Sunday morning, clear mind, clear skies. Perfect!
There is a joy in doing something you love well. For me pulling off a perfect landing always brings a smile to my face. Usually its about one in every three landings, there is always a little something that will happen to make it less so. A gust of wind, a little too much power, a little too much speed. It takes concentration and coordination to fly well.
In my drinking days, even though I made sure there were sufficient hours between my last drink and taking to the skies, often my game was less than par. Concentration was affected, and coordination and reaction times were often that little bit slower if I had been having a few drinks the night before. Over time I just accepted it as the norm, I think they call it normalisation or normality bias. You just accept the underperformance as normal. Probably not a good thing when the thing you love involves skills that are really important to your longevity.

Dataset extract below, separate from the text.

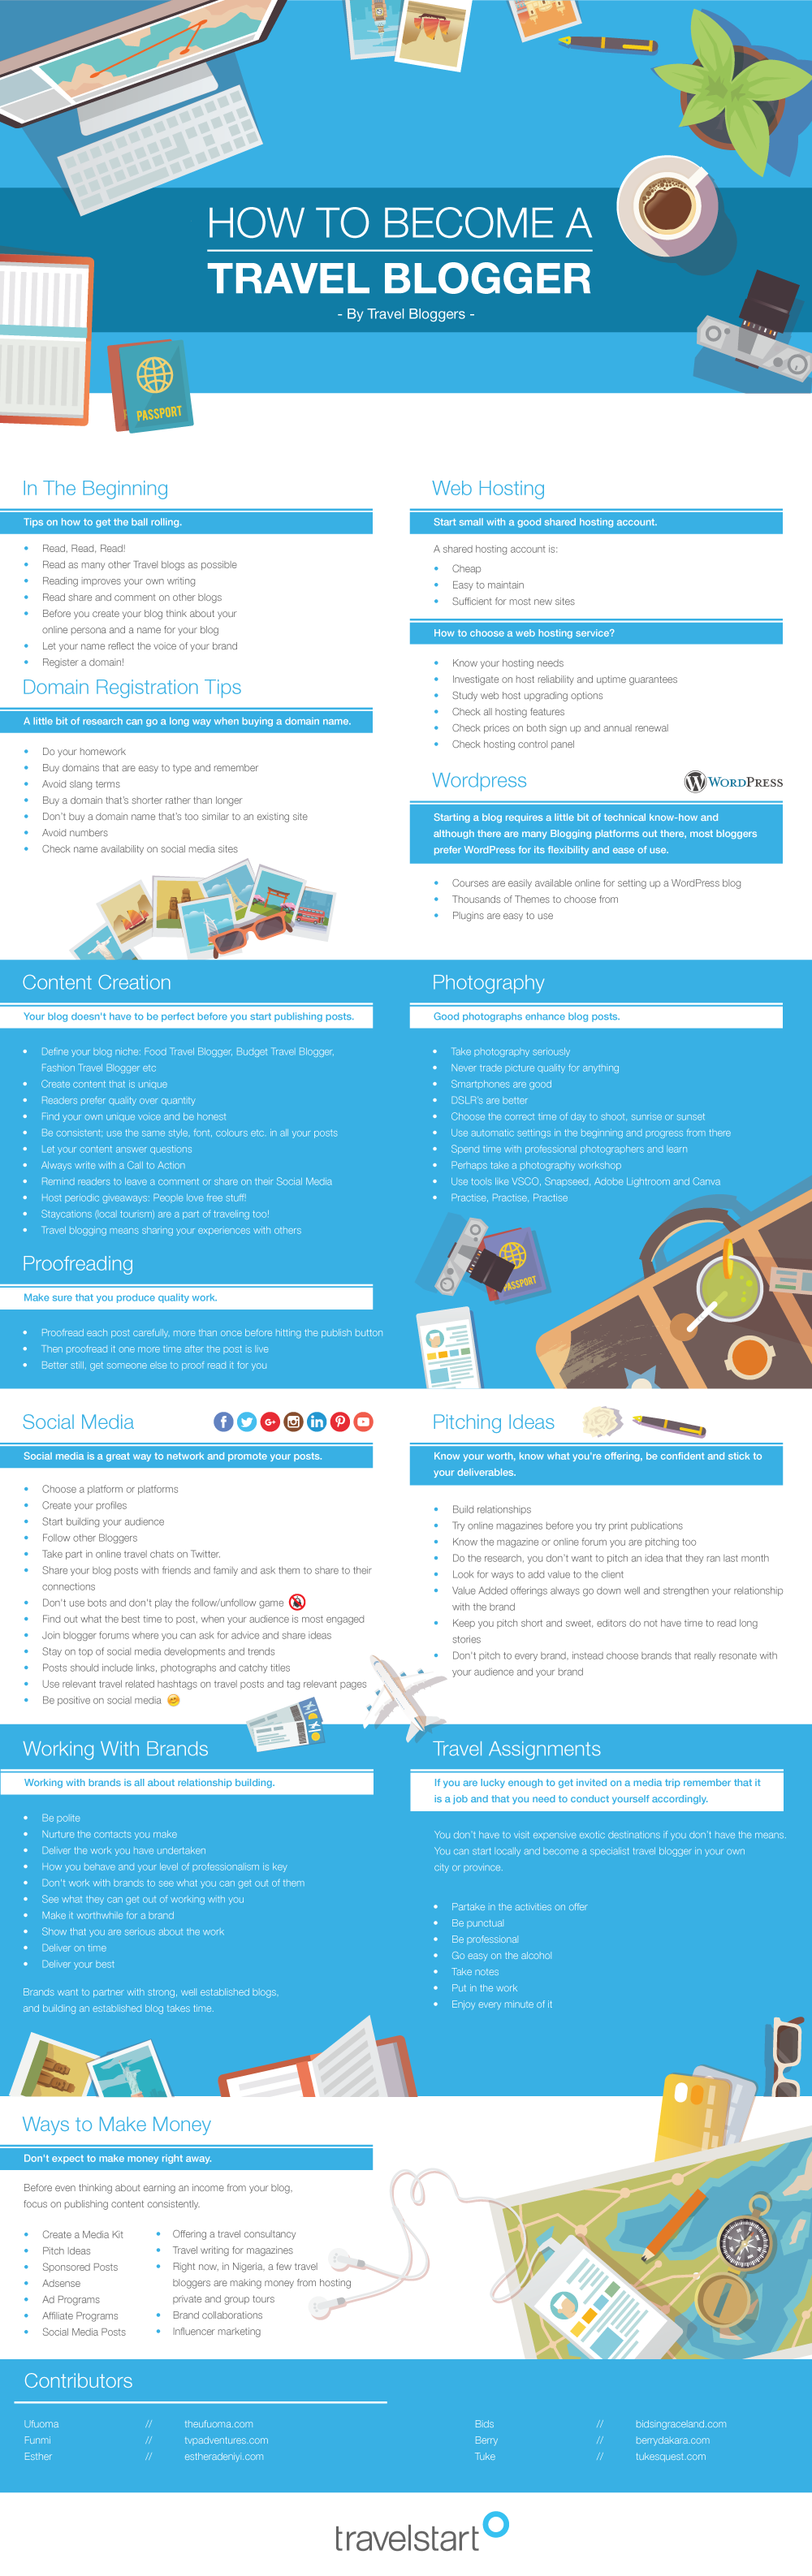 Travel Blogger Infographic-how to be a travel blogger
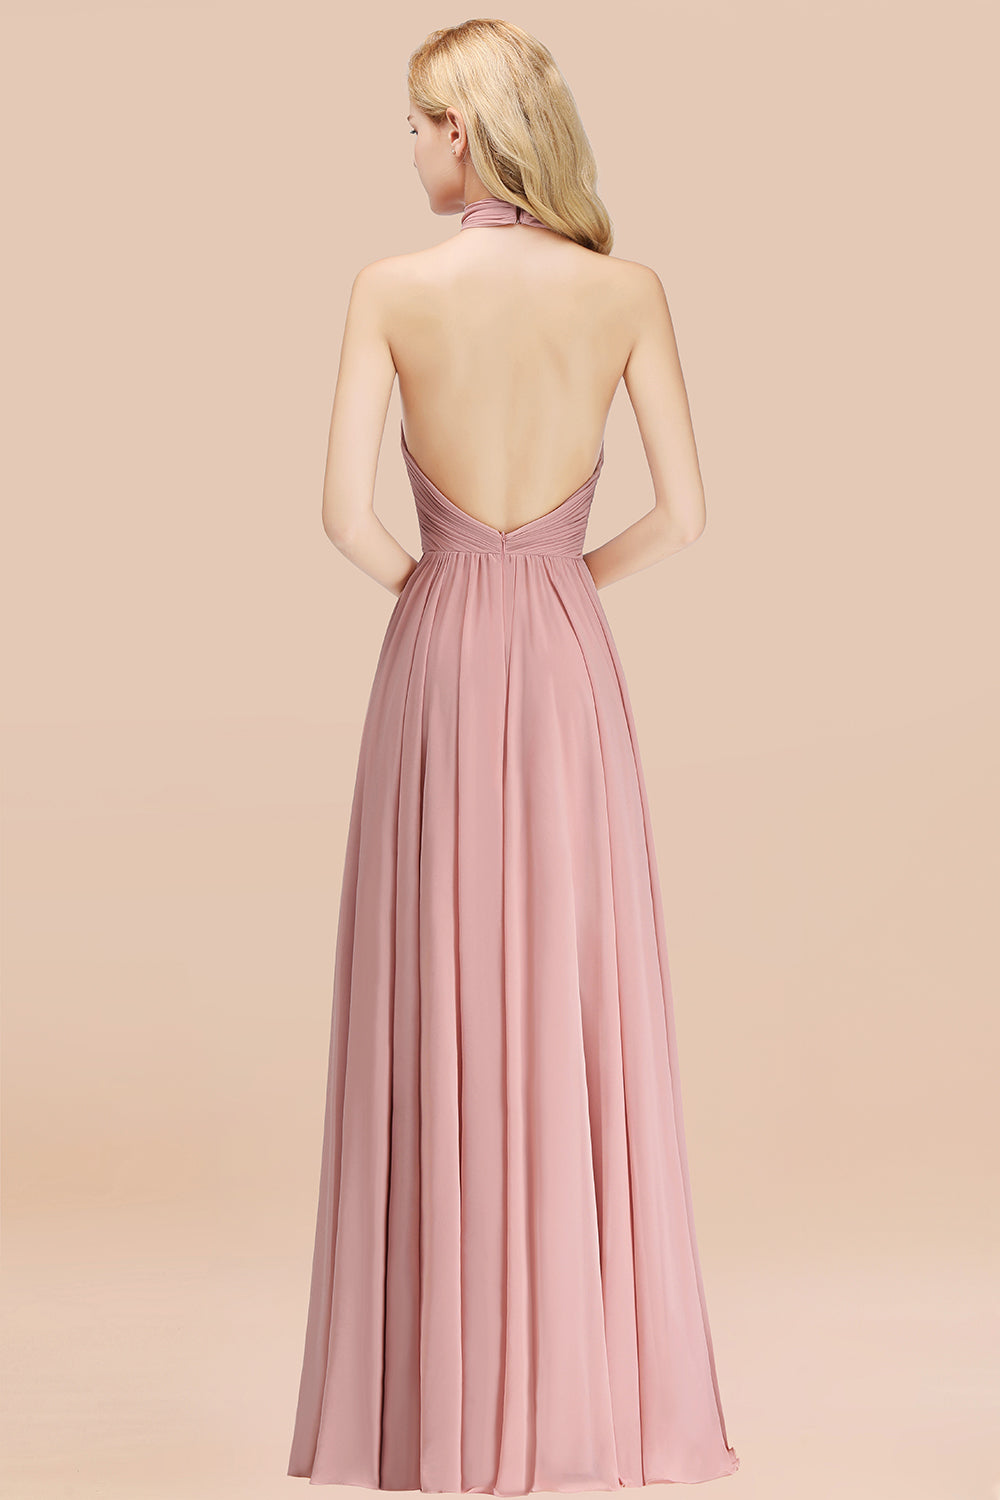 Gorgeous High-Neck Halter Backless Bridesmaid Dress Dusty Rose Chiffon Maid of Honor Dress

What really made sit up and take notice though, was as my drinking increased, the joy of flying, of doing the thing that really lit me up was getting in the way of my drinking!
I was choosing to drink over flying. Often I would just do the minimum required, yep three take-offs , three landings, done. The joy started to fade, it just became one of the things I did before drinking. That satisfied smile as I closed the hangar door faded.
Good landing, meh.
I'd be more concerned about how many beers I had waiting in the fridge at home as I closed up. Stop off at the liquor store if I needed more, and down a quick one in the carpark before driving home.
I'd look out the window on a calm and sunny afternoon and think, mmm be nice for a fly but it'd be nicer to sit under the verandah with a beer.
When I finally noticed what I was doing I realised I was in trouble, this was not me. It was one of the reasons why I began my alcohol free journey again.
Are you swapping the thing that lights you up for drinking, are you allowing normalisation bias to creep in and diminish the joy and happiness you once felt when you were immersed in your hobby or passion?
There is a YouTube video here called Nuggets https://youtu.be/HUngLgGRJpo
I found it so relevant and powerful to what drinking was doing to me.